A fair, simple and sustainable tax system is necessary to provide the essential public services and infrastructure that enables us to live, learn, age and work safely. Taxes pay for hospitals, schools, roads and a range of vital community and business services that allow our country to prosper.
While tax revenue underpins the government’s ability to operate in all areas, it is especially important for vulnerable and disadvantaged people who rely on community services and support.
Australia is not a high-taxing country by world standards. As the table below shows (sourced from OECD statistics) as a percentage of the economy, we are among the lowest taxing in the OECD.
With this relatively low base there is now a growing concern that the tax system is not raising enough money to meet community needs. The following graph tracks revenue and expenditure at the Commonwealth level, and while the forward projections see a return of revenue, these are based on very optimistic projections of economic growth.

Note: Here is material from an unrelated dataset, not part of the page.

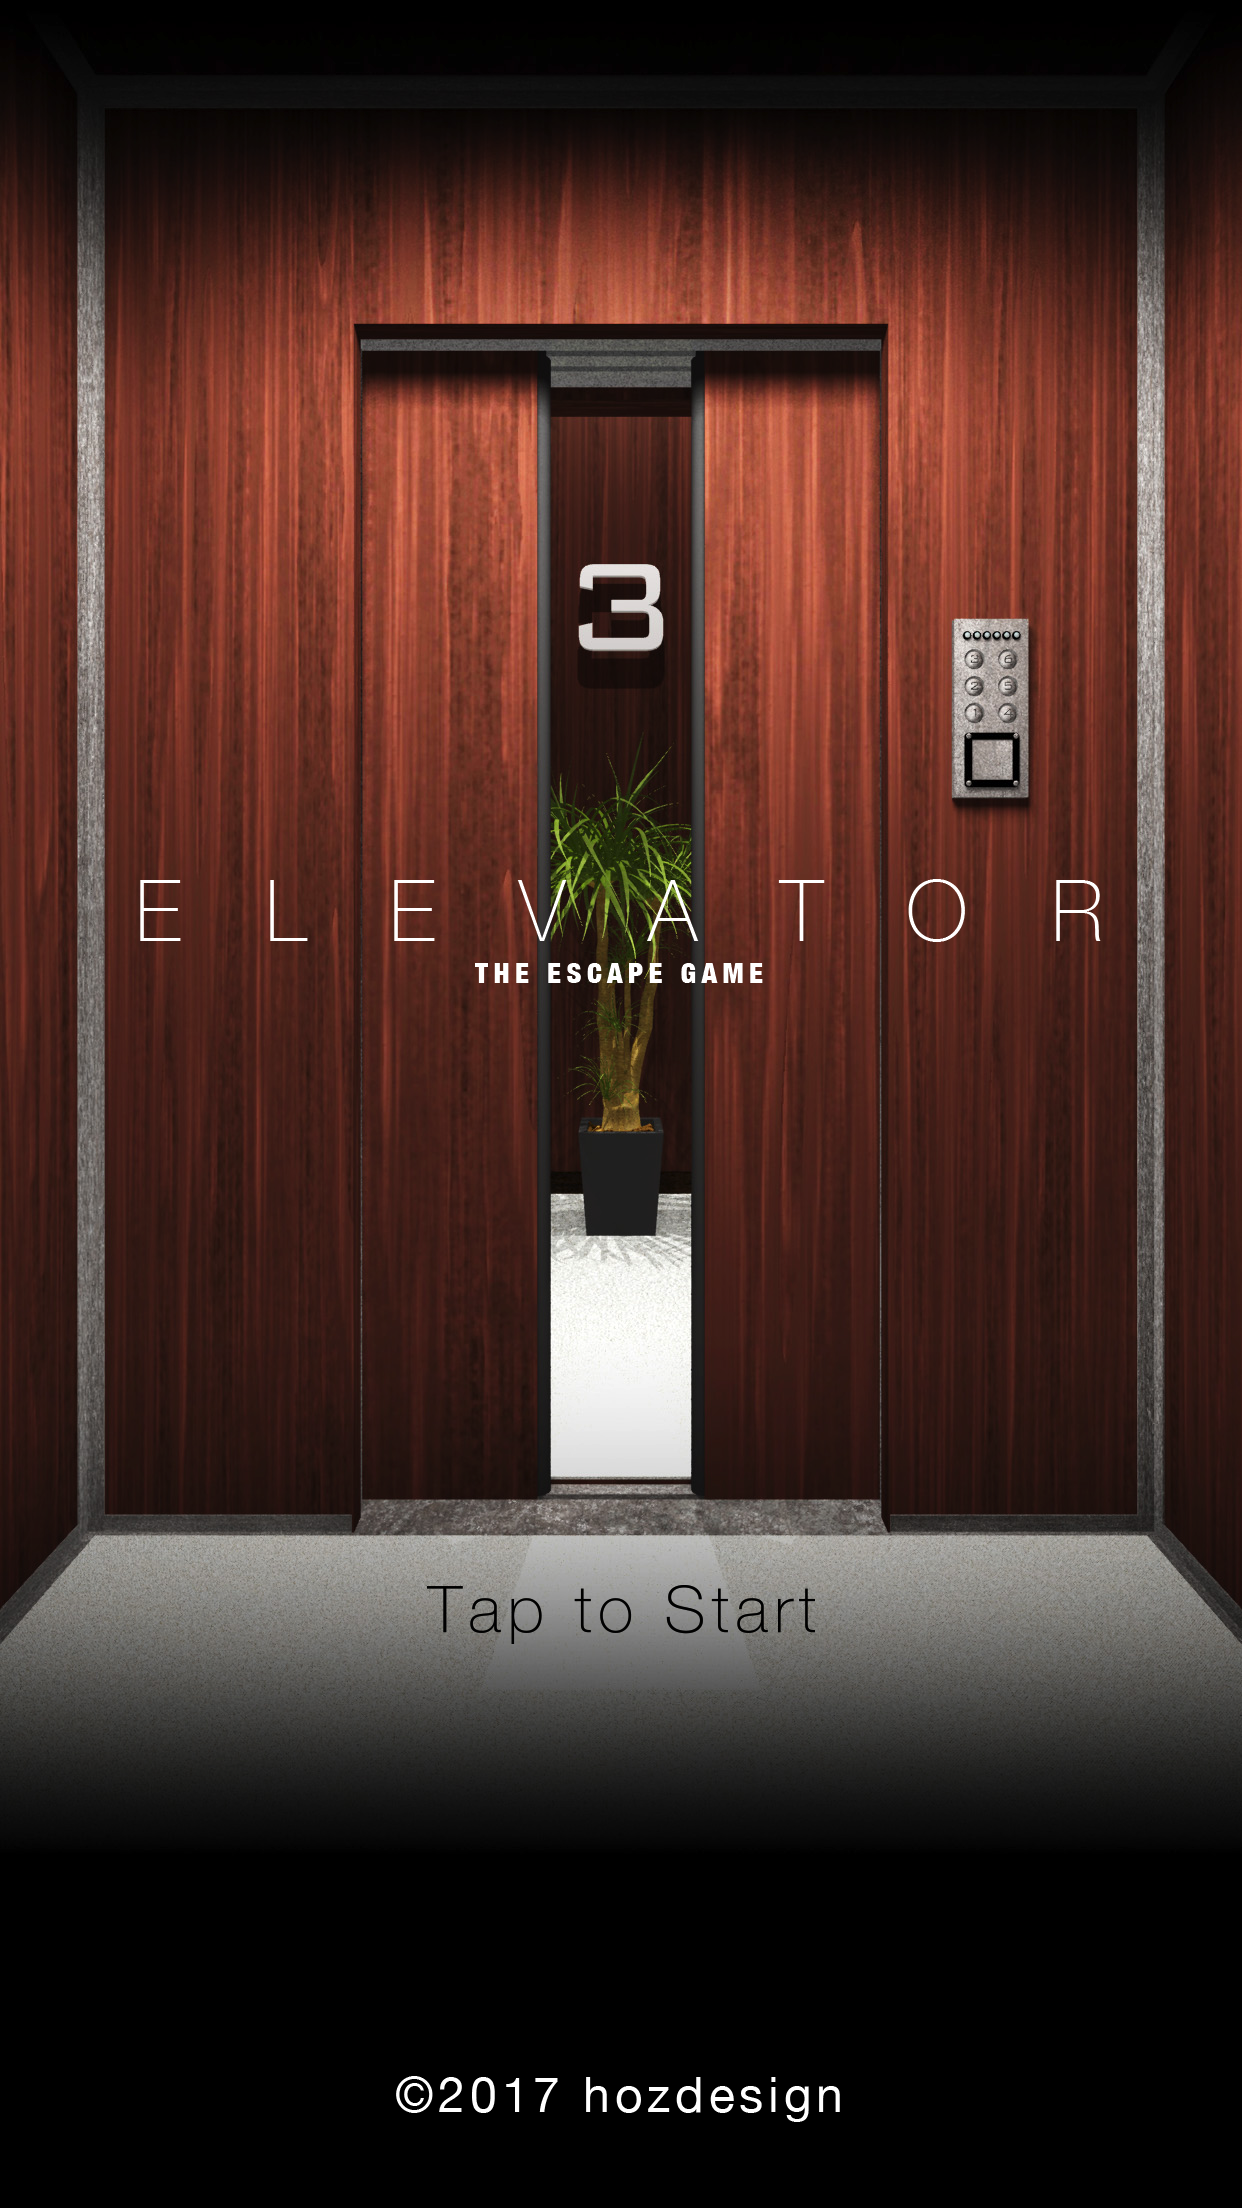 Screenshot 1 of 탈출 게임 "엘리베이터"

State revenues have similar issues and in a landmark paper in 2014, the Grattan Institute analysed current and projected revenues and expenditures and highlighted the problems of meeting health and other government expenditure in the long term.
This conclusion from many analysts is that at both federal and state levels there is a structural budget problem which will confront government of any political colour. To some extent this was hidden over the last decade by favourable terms of trade driven by the mining boom, but the budget problems in the coming years will not be overcome simply by relying on economic growth or cutting expenditure (which itself undermines community and growth potential). There is clearly a revenue problem which will need to be addressed by reforming the tax system - at a minimum by restoring tax revenues to previous (pre-GFC) levels at both state and federal levels.
However, the taxation system does more than simply raise revenue for government and accordingly there are other issues, in particular in relation to fairness and efficiency of taxes. Fairness is required both for the legitimacy of the tax system, and because the tax system (alongside government income support and supply of public goods) is crucial to providing a more equal society. For SACOSS, fairness in taxation requires that there is a greater contribution from those with a greater capacity to pay. Accordingly SACOSS tends to support progressive taxes like income taxes where the rates increase with income, while we are concerned about regressive taxes (including flat rate taxes like the GST) which tend to fall disproportionately on poorer households.
SACOSS will be developing positions and providing public information and comment on these in the near future.
Daley, J. Budget Pressures on Australian Governments 2014, The Grattan Institute, Melbourne.
McAuley, I. "Turnbull's Mini Economic Summit: A Chance to Finally Think Big on Spending and Tax Reform", New Matilda, 29 September 2015.
Interview with Ken Henry, ABC 7.30, 22 September 2015.